§ Work order
Would you please restate the data exactly as it stands, apart from the pictures?

§ Recorded information
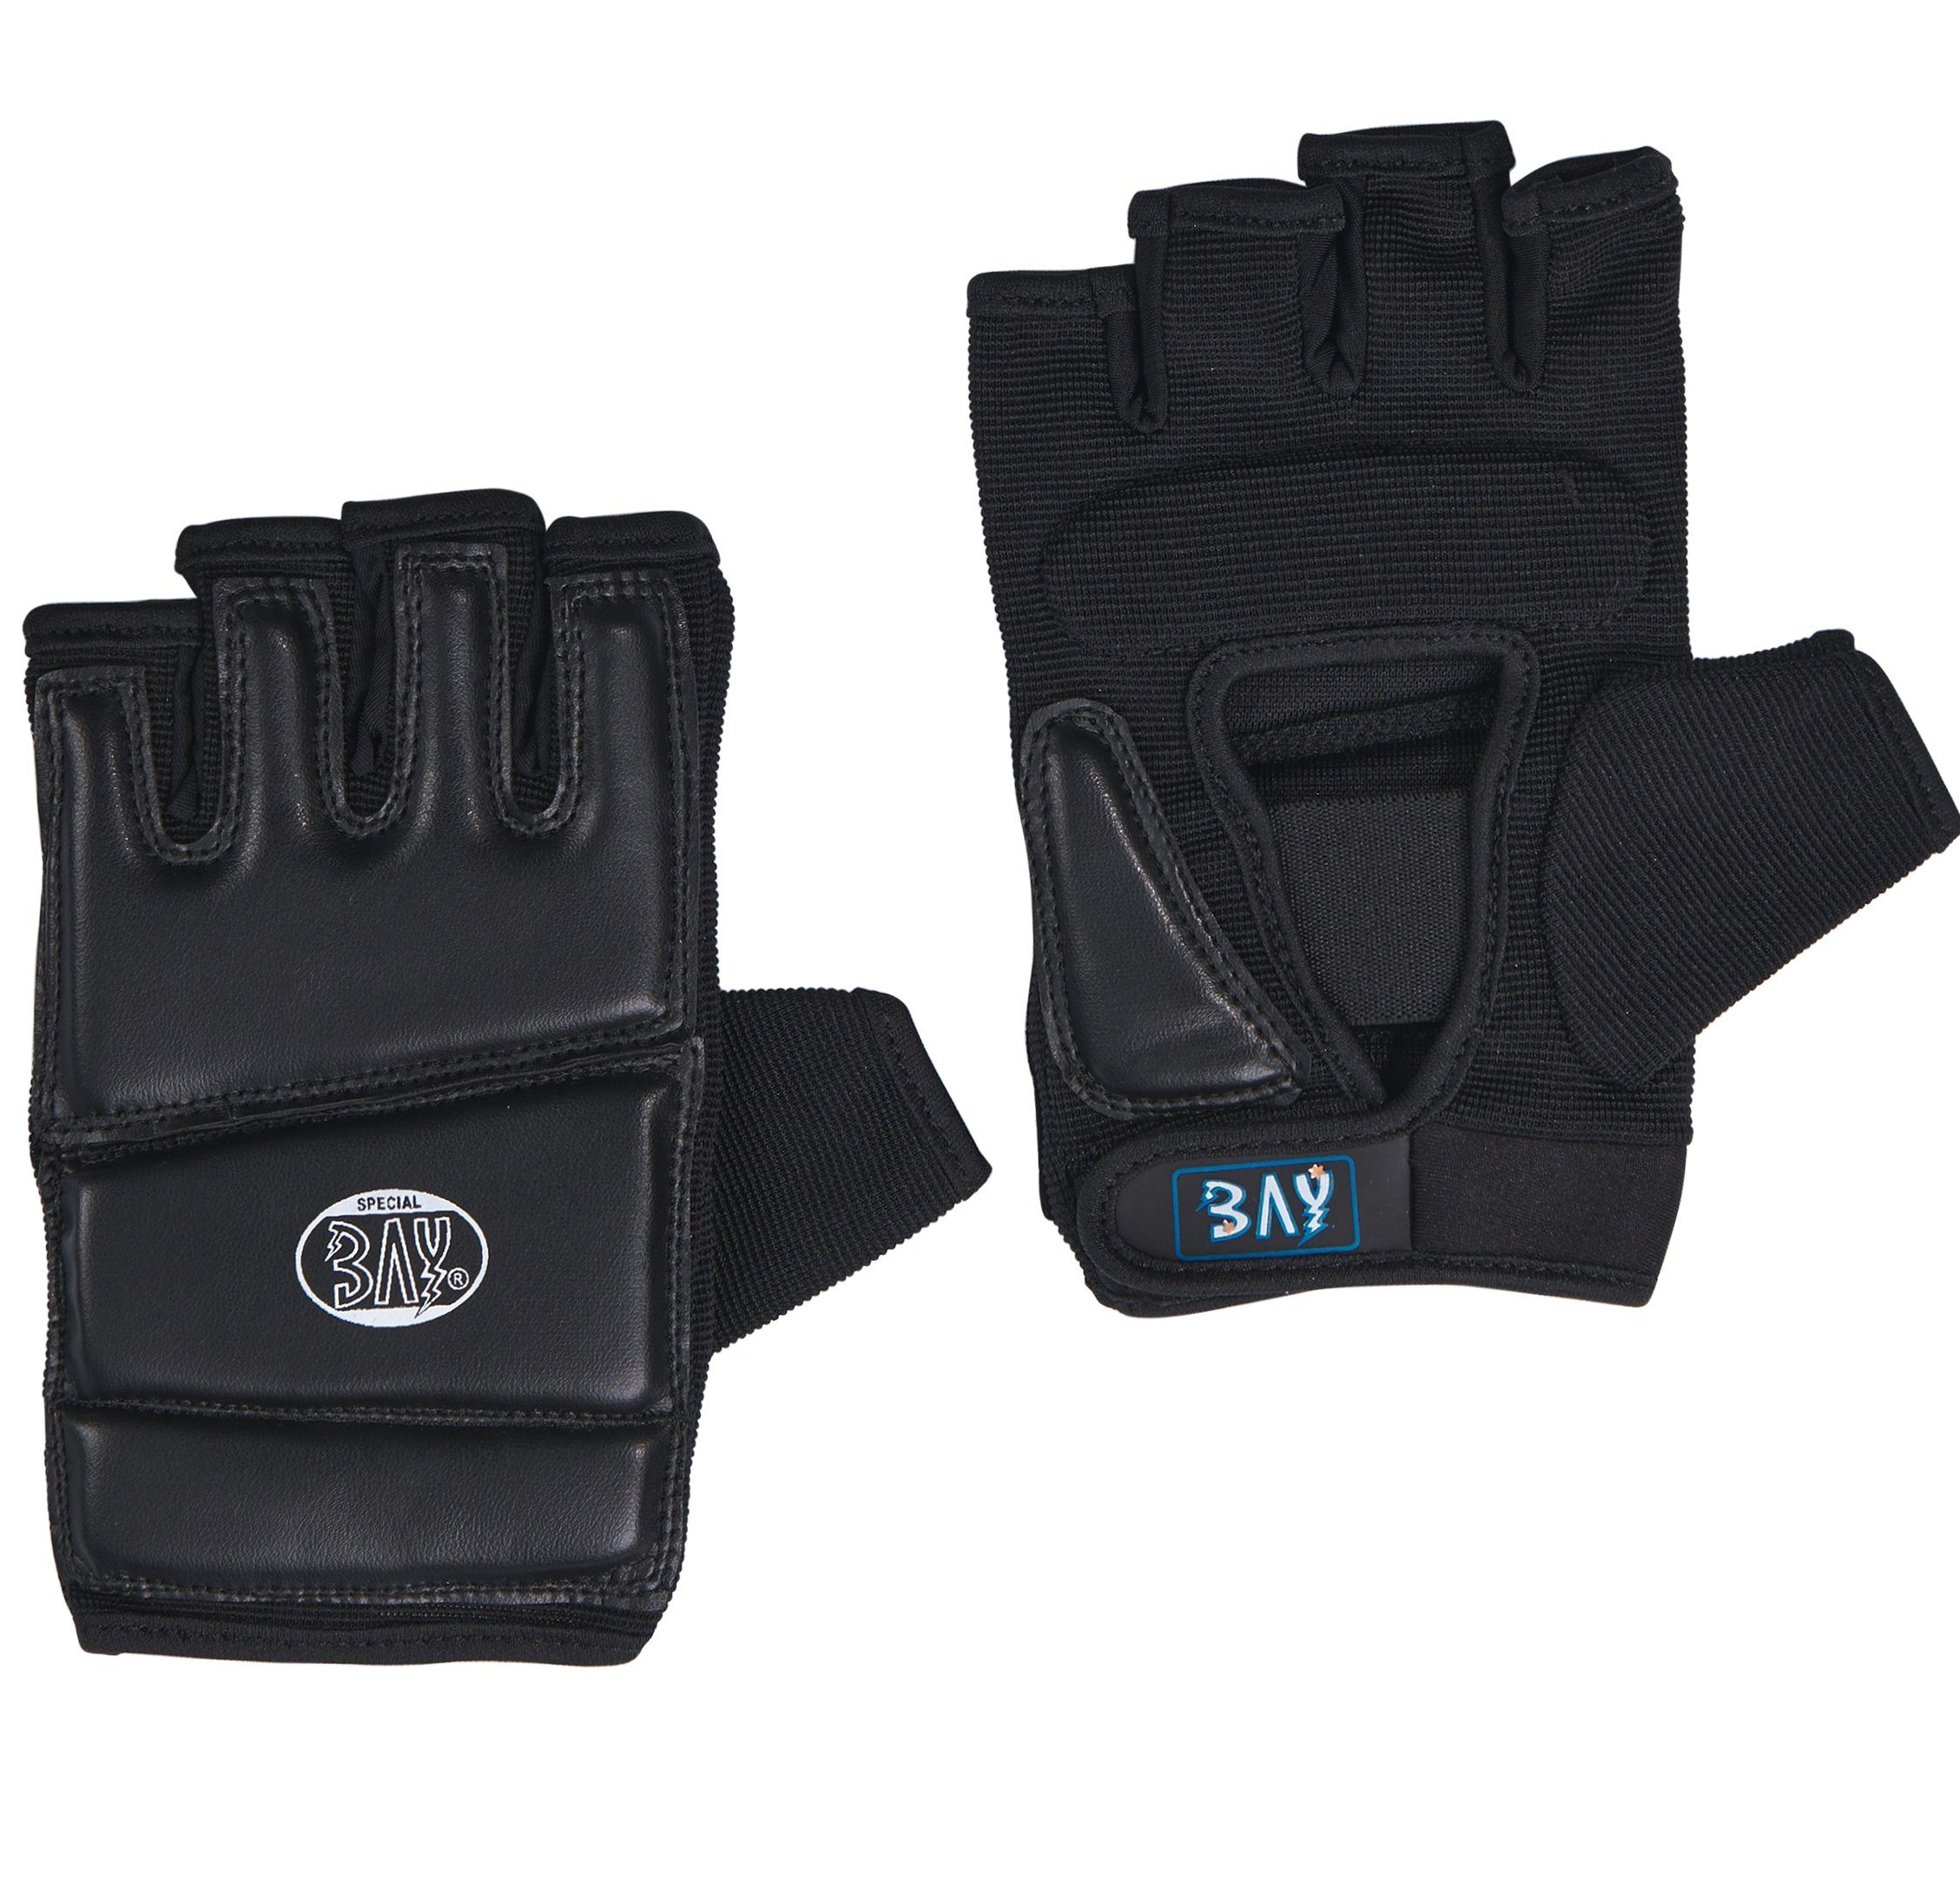 Kinder und XXL BAY-Sports Sandsack Erwachsene - Boxhandschuhe Boxsack schwarz, Sandsackhandschuhe Handschutz Touch XXS
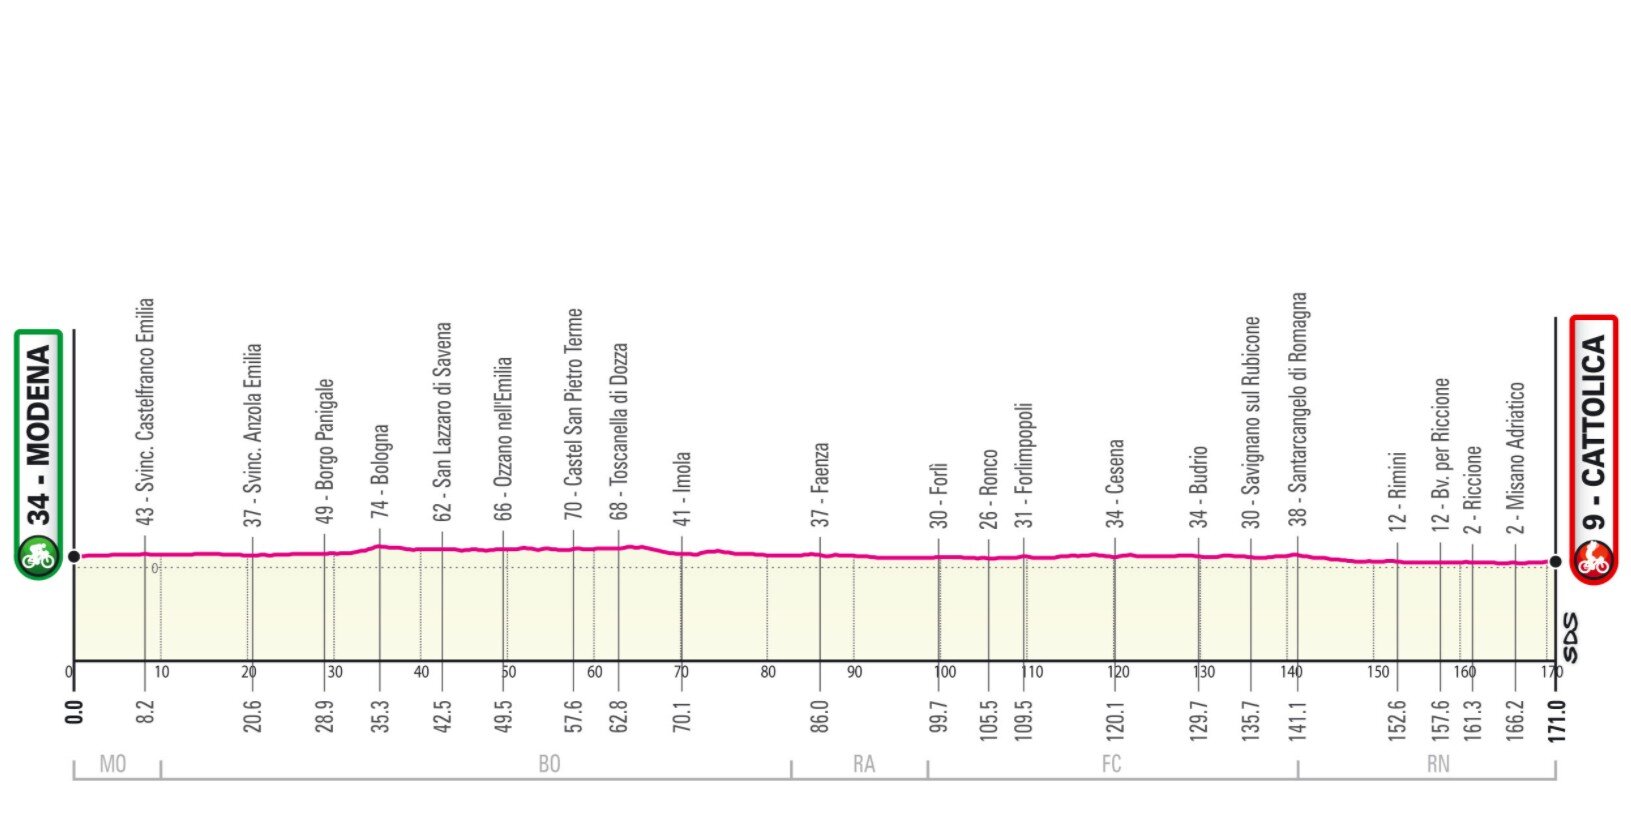 Etapa 5 Giro Italia 2021
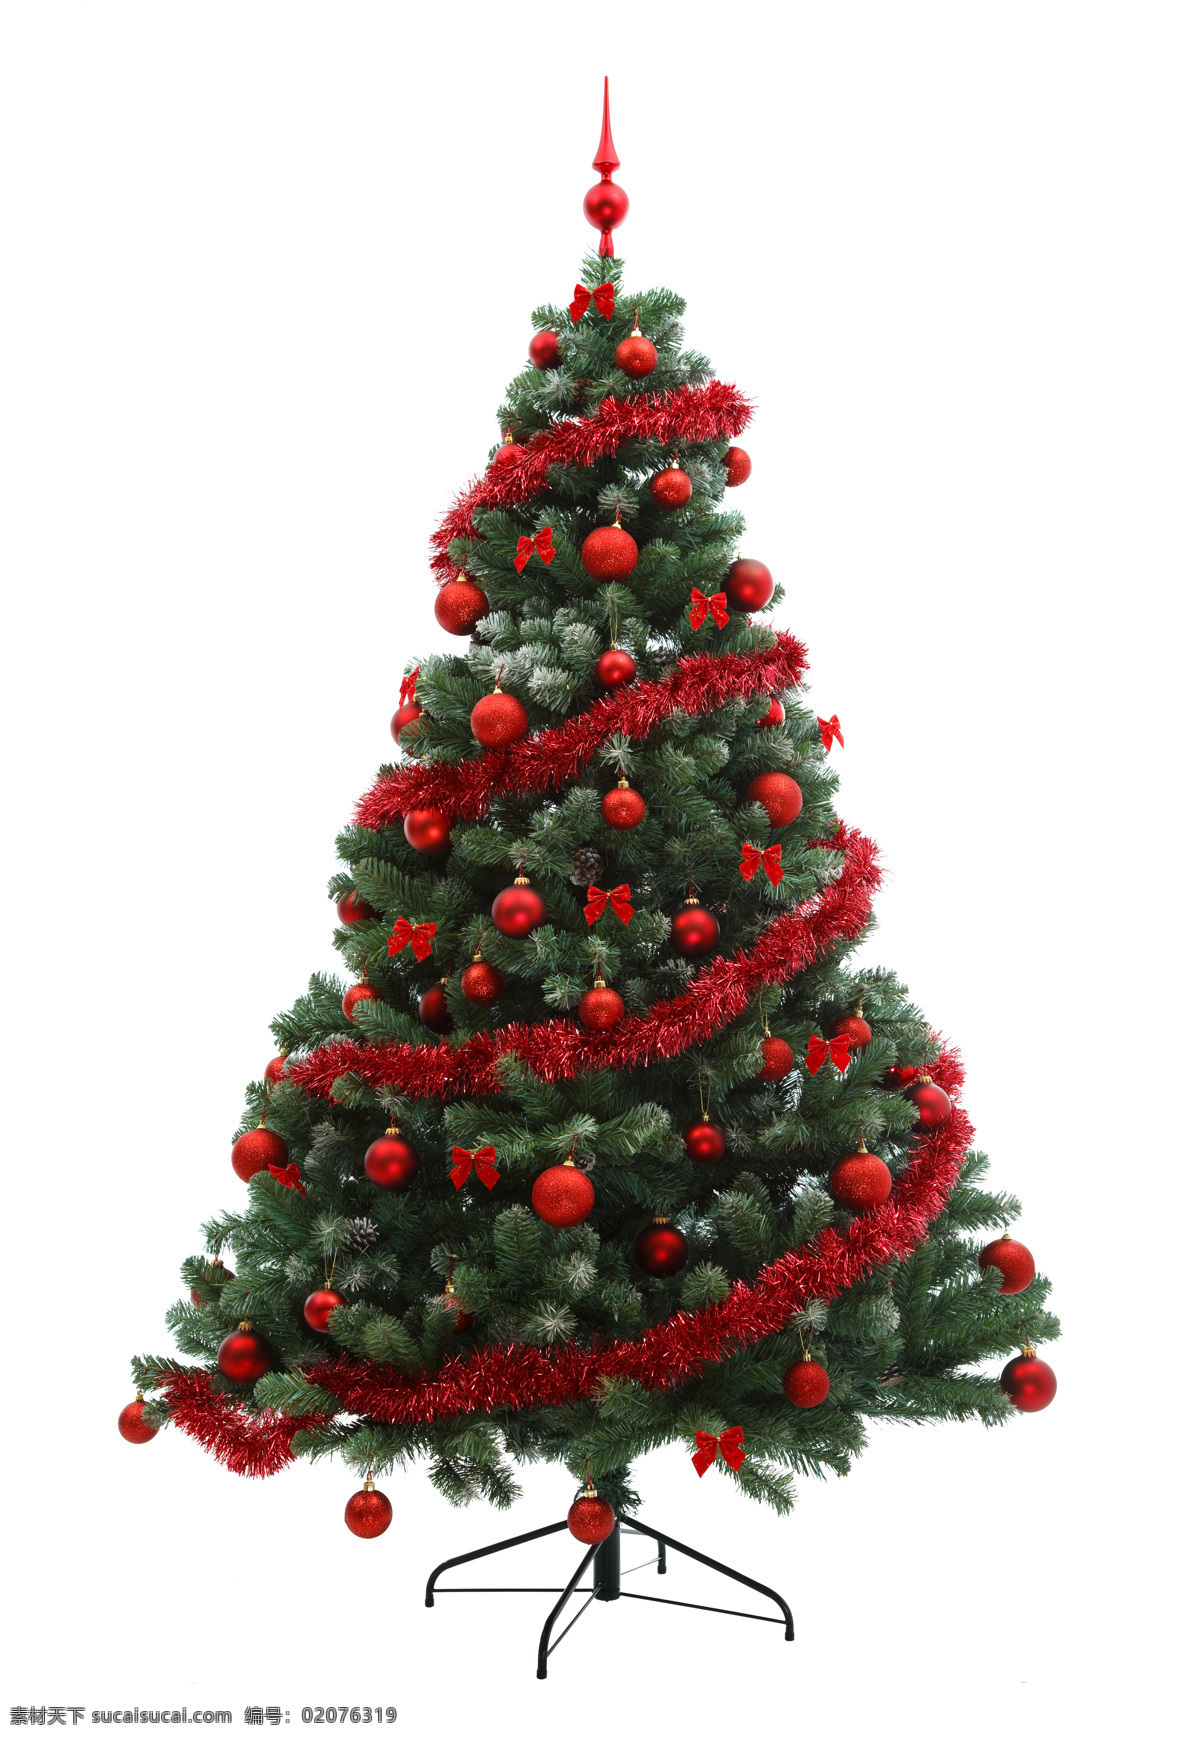 圣诞 树上 红色 装饰 圣诞树 圣诞球 圣诞节 节日背景 圣诞节装饰 节日庆典 生活百科

§ Response
 Kinder und XXL BAY-Sports Sandsack Erwachsene - Boxhandschuhe Boxsack schwarz, Sandsackhandschuhe Handschutz Touch XXS
 Etapa 5 Giro Italia 2021
 圣诞 树上 红色 装饰 圣诞树 圣诞球 圣诞节 节日背景 圣诞节装饰 节日庆典 生活百科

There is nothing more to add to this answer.